写作的一个主要优点如果您愿意,可以使用C语言写出可理解的,可维护的代码。这种手动优化与
相反。如果你真的需要关心一个循环需要多少个b / b
指令周期,那就用汇编语言编写它。否则,对于
为了那些跟在你后面的人,请你可读地编写你的C和
让编译器进行优化。现在,对于大多数正常的编译器来说,大多数编译器都可以尽可能地优化
。操作。
问候,
-
Peter Bushell
Hi Folks,http://www.abarnett.demon.co.uk/tutorial.html#FASTFOR Page
states:for( i=0; i<10; i++){ ... }i loops through the values
0,1,2,3,4,5,6,7,8,9 If you don''t care about the order of the loop counter,
you can do this instead: for( i=10; i--; ) { ... }Using this code, i loops
through the values 9,8,7,6,5,4,3,2,1,0, and the loop should be faster. This
works because it is quicker to process "i--" as the test condition, which
says "is i non-zero? If so, decrement it and continue.". For the original
code, the processor has to calculate "subtract i from 10. Is the result
non-zero? if so, increment i and continue.". In tight loops, this make a
considerable difference.
How far it holds true.. in the light of modern optimizing compilers? and
will it make a significant difference in case of embedded systems???
Thanks,
-Neo
"Do U really think, what U think real is really real?"

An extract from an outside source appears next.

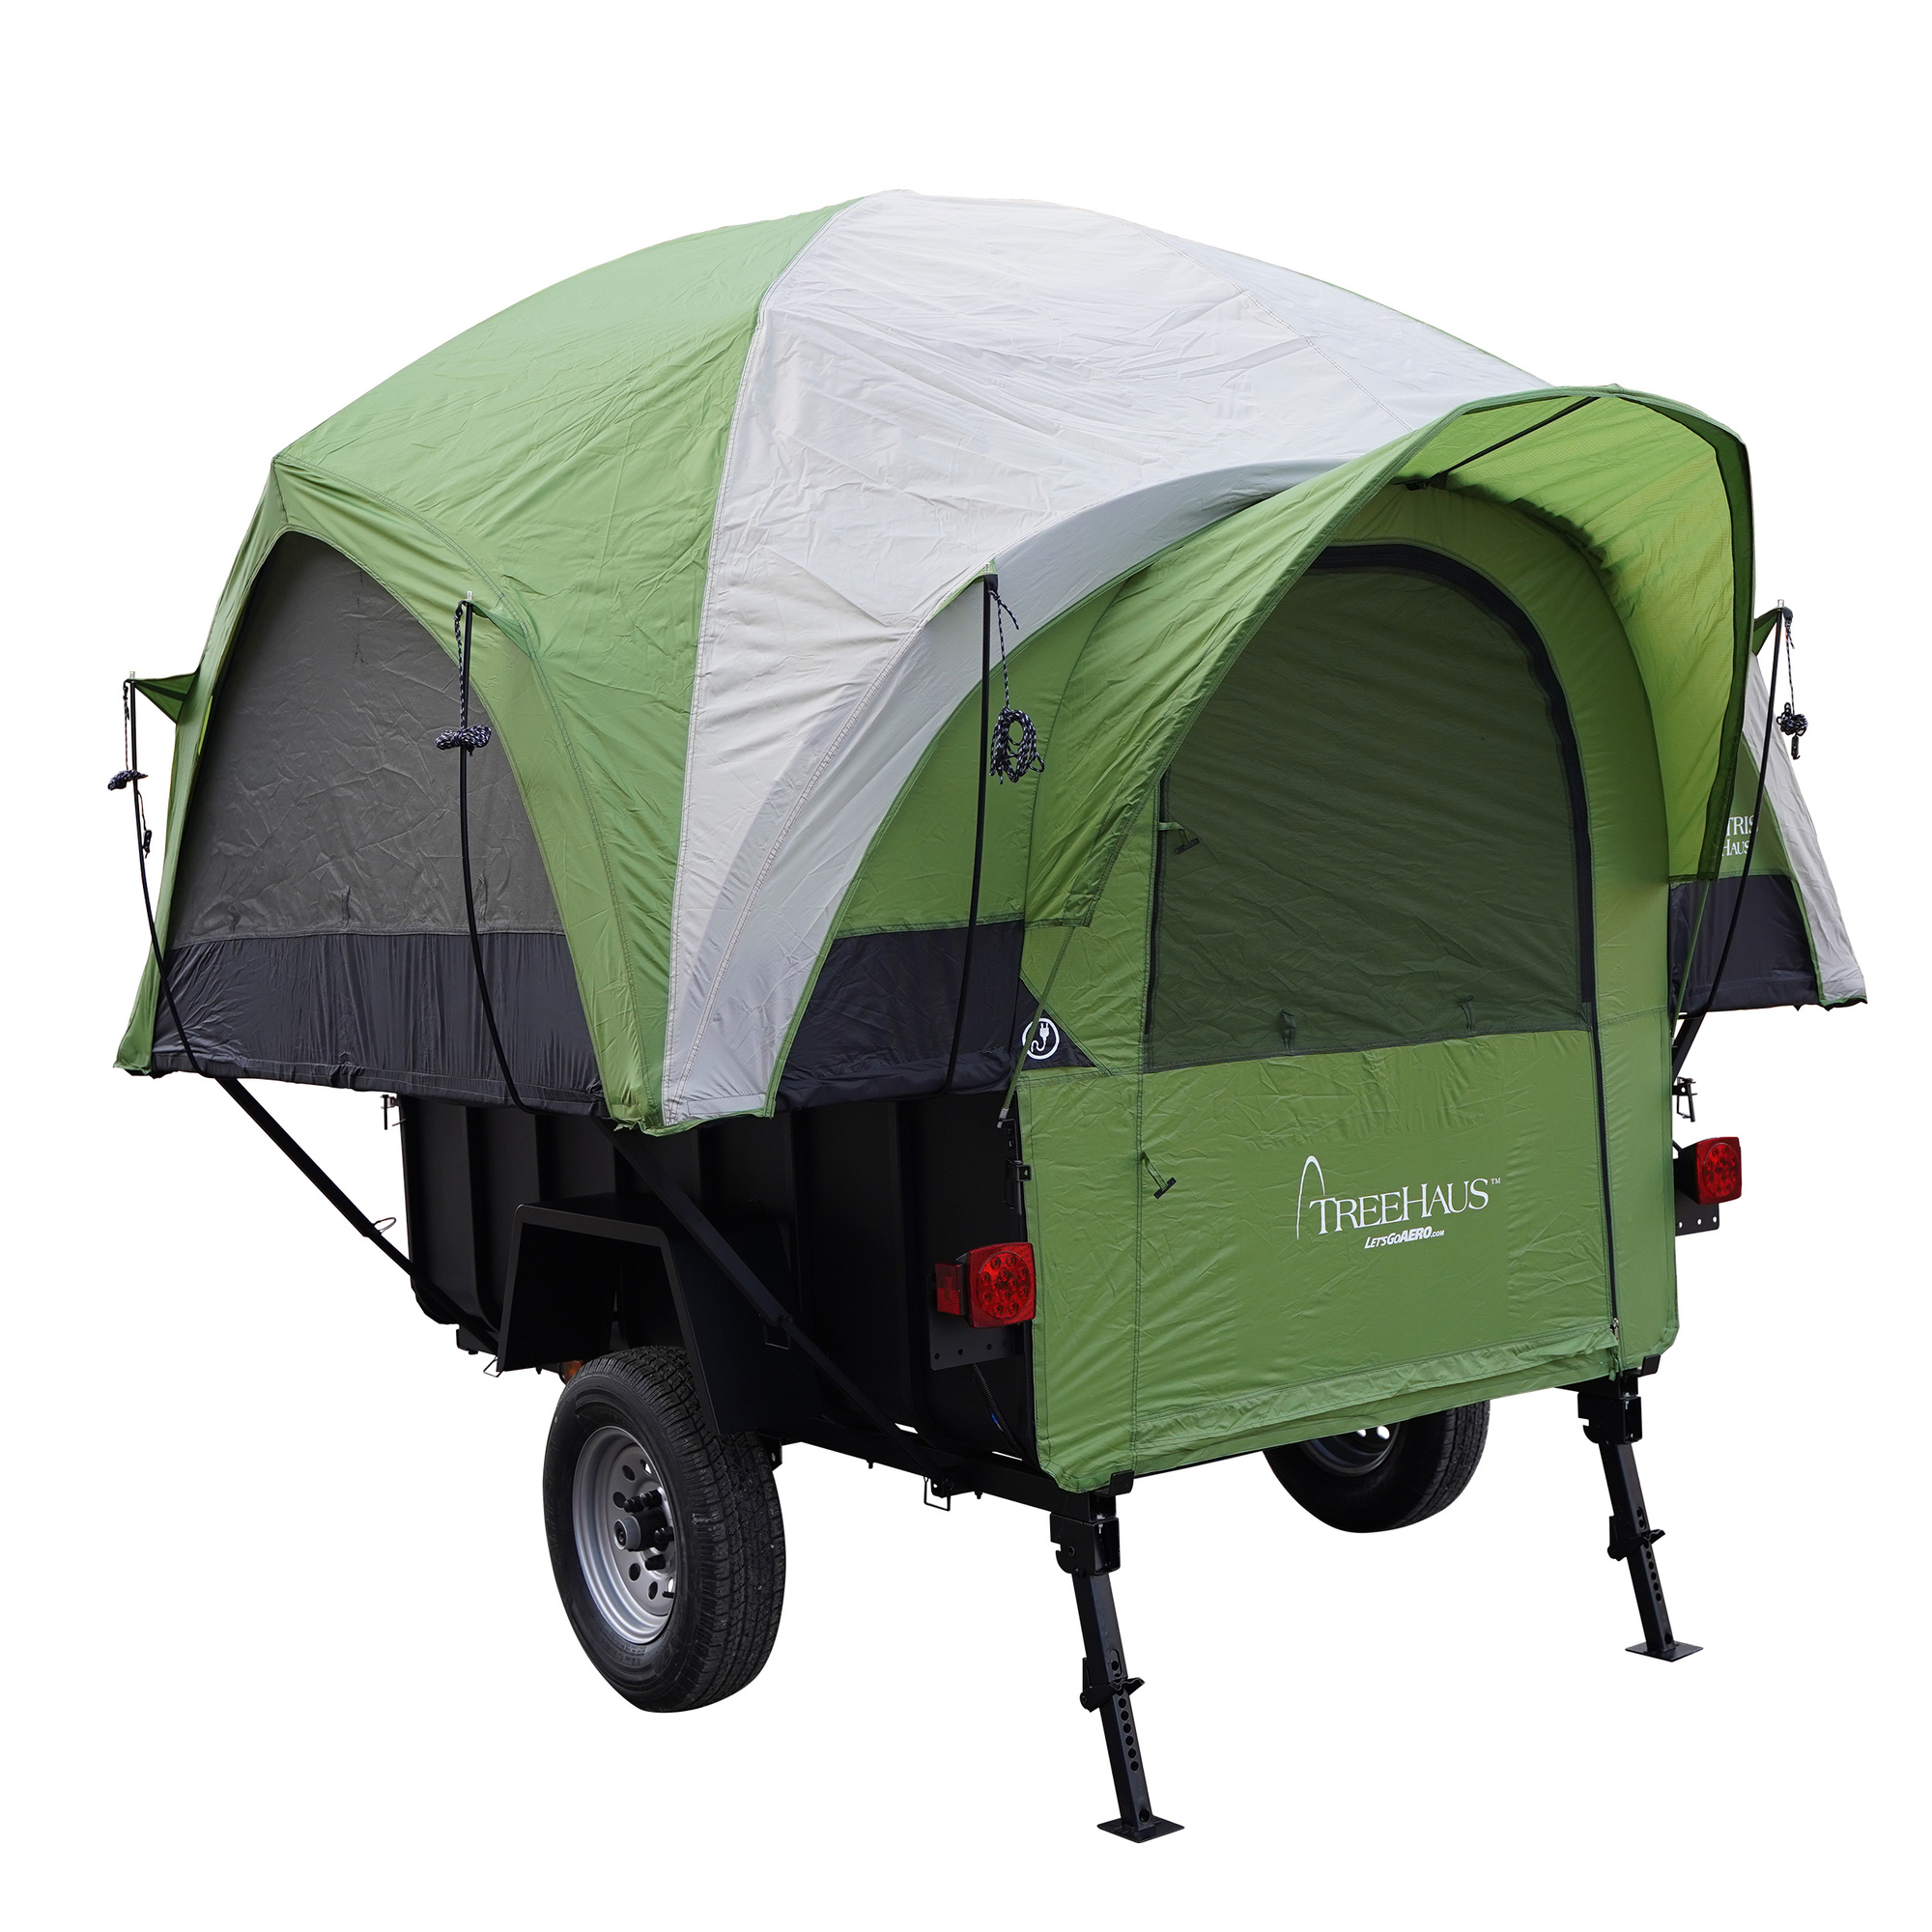 Let's Go Aero, LittleGiant TreeHaus Camping Trailer, Length 10 ft, Width 8 ft, Sleeps 4, Model T02035-01984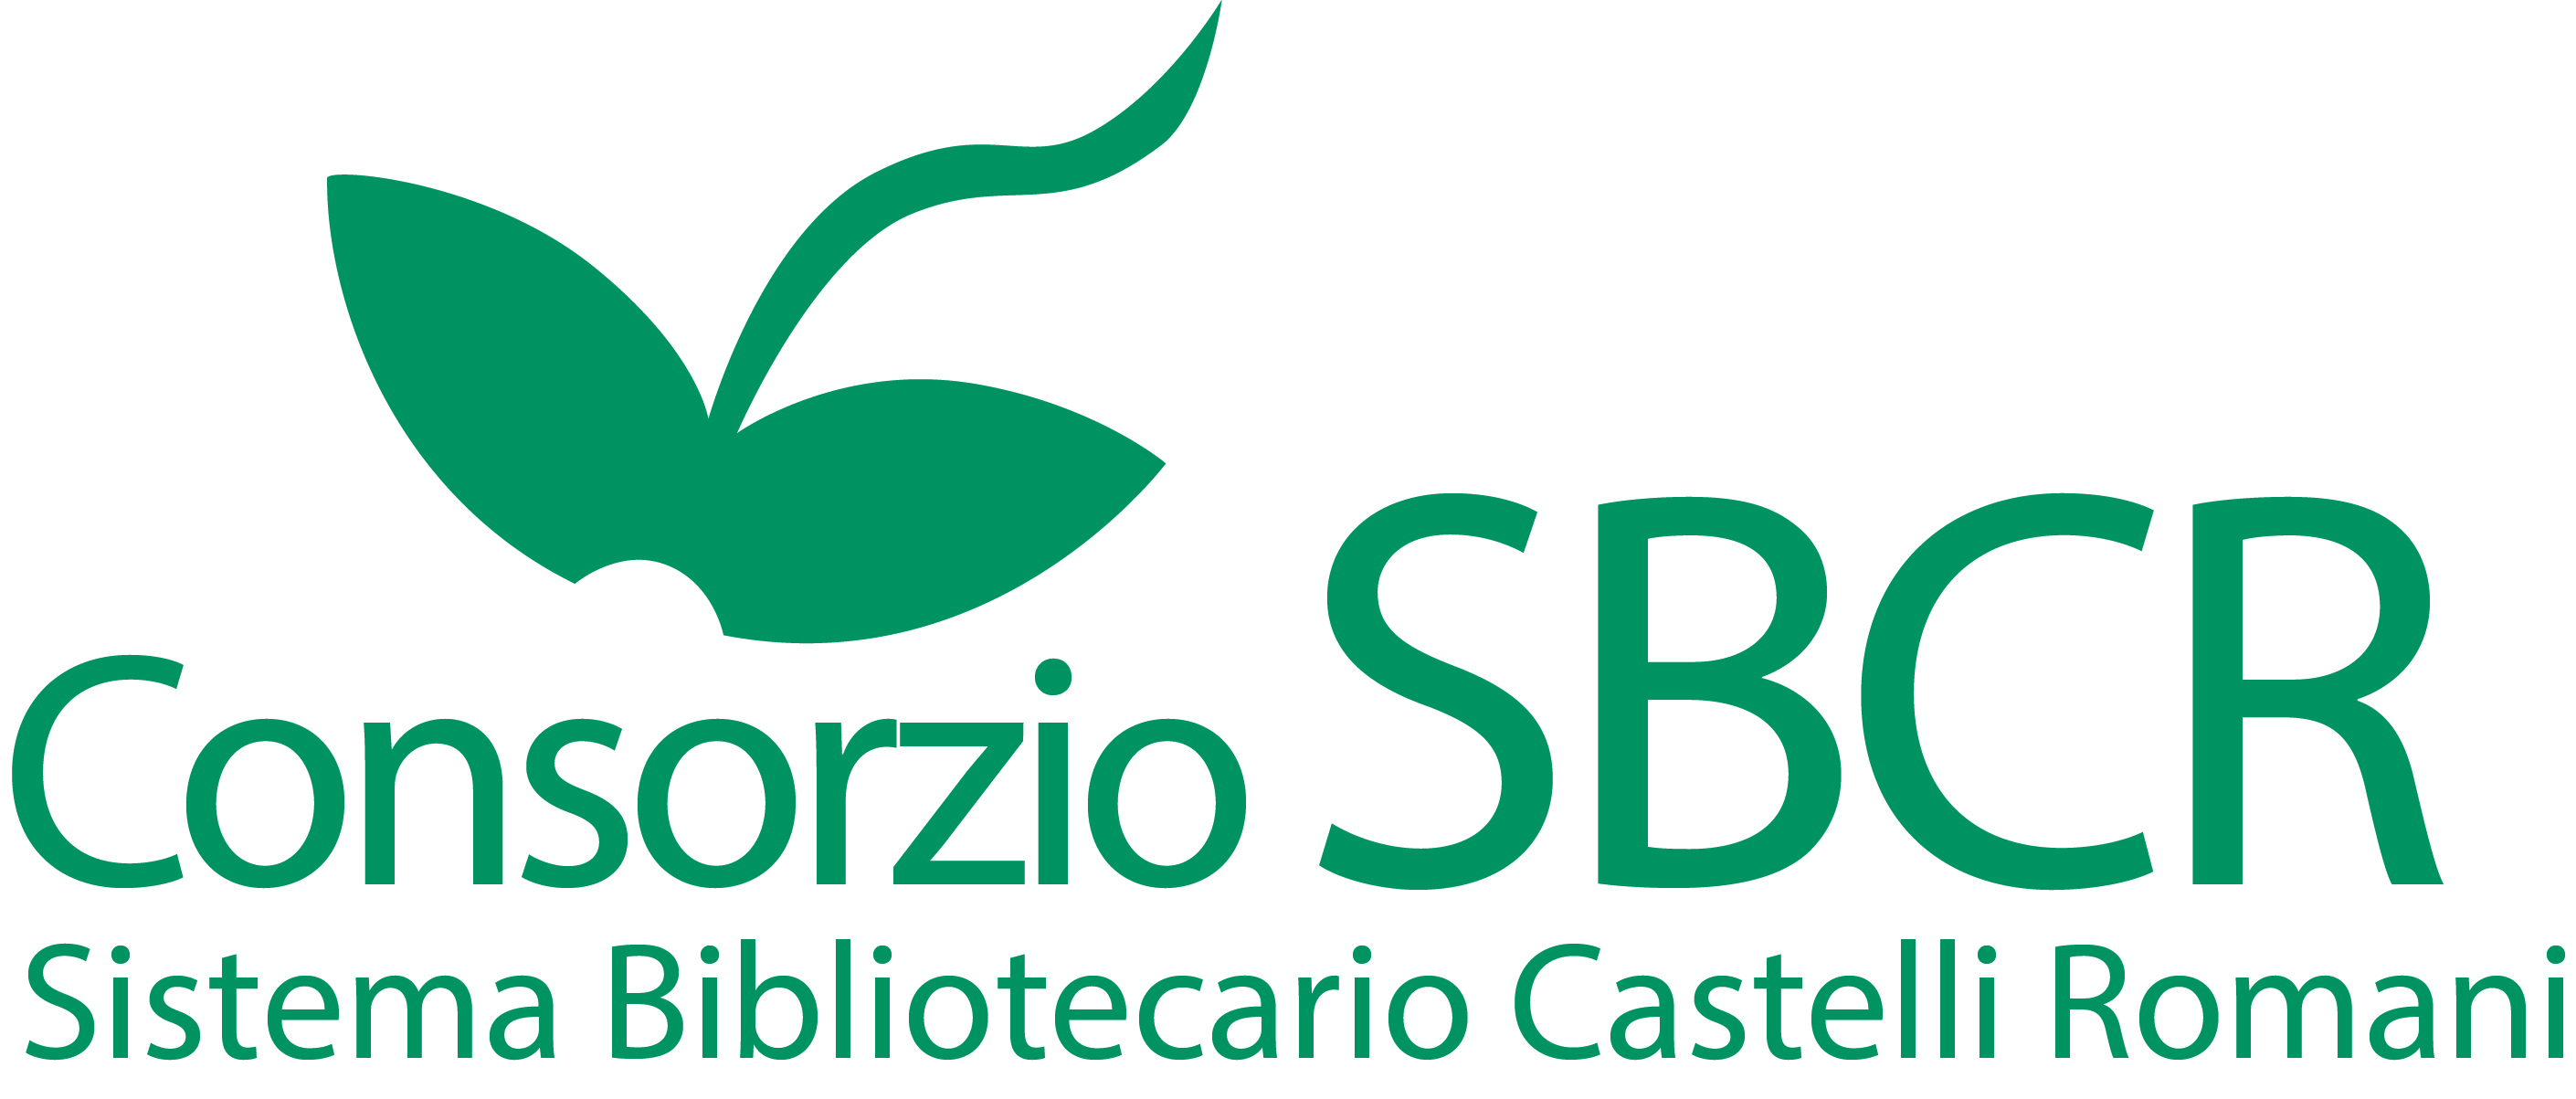 Consorzio SBCR Sistema Biblioteche dei Castelli Romani

There is nothing like an experiment to test a theory. I just tried with
AVRGCC
void countDown(void){
int i;
for(i=10; i!=0; i--) doSomething();
}
void countUp(void){
int i;
for(i=0;i<10;i++) doSomething();
}
The generated code is
000000ce <countDown>:
}
void countDown(void){
ce:cf 93 pushr28
d0:df 93 pushr29
int i;
for(i=10; i!=0; i--) doSomething();
d2:ca e0 ldir28, 0x0A; 10
d4:d0 e0 ldir29, 0x00; 0
d6:0e 94 5d 00 call0xba
da:21 97 sbiwr28, 0x01; 1
dc:e1 f7 brne.-8 ; 0xd6
de:df 91 popr29
e0:cf 91 popr28
e2:08 95 ret
000000e4 <countUp>:
}
void countUp(void){
e4:cf 93 pushr28
e6:df 93 pushr29
e8:c9 e0 ldir28, 0x09; 9
ea:d0 e0 ldir29, 0x00; 0
int i;
for(i=0;i<10;i++) doSomething();
ec:0e 94 5d 00 call0xba
f0:21 97 sbiwr28, 0x01; 1
f2:d7 ff sbrsr29, 7
f4:fb cf rjmp.-10 ; 0xec
f6:df 91 popr29
f8:cf 91 popr28
fa:08 95 ret
Counting down instead of up saves one whole instruction. It could make a
difference I suppose.
However, the compiler cannot optimise as well if anything in the loop
depends on the value of ''i''.
void countDown(void){
int i;
for(i=10; i!=0; i--) doSomething(i);
}
void countUp(void){
int i;
for(i=0;i<10;i++) doSomething(i);
}
Becomes
void countDown(void){
ce:cf 93 pushr28
d0:df 93 pushr29
int i;
for(i=10; i!=0; i--) doSomething(i);
d2:ca e0 ldir28, 0x0A; 10
d4:d0 e0 ldir29, 0x00; 0
d6:ce 01 movwr24, r28
d8:0e 94 5d 00 call0xba
dc:21 97 sbiwr28, 0x01; 1
de:d9 f7 brne.-10 ; 0xd6
e0:df 91 popr29
e2:cf 91 popr28
e4:08 95 ret
000000e6 <countUp>:
}
void countUp(void){
e6:cf 93 pushr28
e8:df 93 pushr29
int i;
for(i=0;i<10;i++) doSomething(i);
ea:c0 e0 ldir28, 0x00; 0
ec:d0 e0 ldir29, 0x00; 0
ee:ce 01 movwr24, r28
f0:0e 94 5d 00 call0xba
f4:21 96 adiwr28, 0x01; 1
f6:ca 30 cpir28, 0x0A; 10
f8:d1 05 cpcr29, r1
fa:cc f3 brlt.-14 ; 0xee
fc:df 91 popr29
fe:cf 91 popr28
100:08 95 ret
This time there are a whole 2 extra instructions. I don''t think this is
such a big deal. Unrolling the loop would give a better result.
cheers,
Al
Many micros have a decrement jmp if zero (or non zero) machine instruction
so a decent optimising compiler should know this and use it in count down
to zero loops. Counting up often needs a compare followed by a jmp zero (or
non zero) which will be a tad slower.
Ian
The answer is "implementation-dependent".
A major advantage of writing in C is that you can, if you choose, write
understandable, maintainable code. This kind of hand-optimisation has the
opposite effect. If you really need to care about exactly how many
instruction cycle a loop takes, code it in assembly language. Otherwise, for
the sake of those that come after you, please write your C readably and
leave the compiler to do the optimisation. These days, most compilers can
optimise almost as well as you can, for most "normal" operations.
Regards,
--
Peter Bushell
http://www.software-integrity.com/
这篇关于更快的()循环?的文章就介绍到这了,希望我们推荐的答案对大家有所帮助,也希望大家多多支持!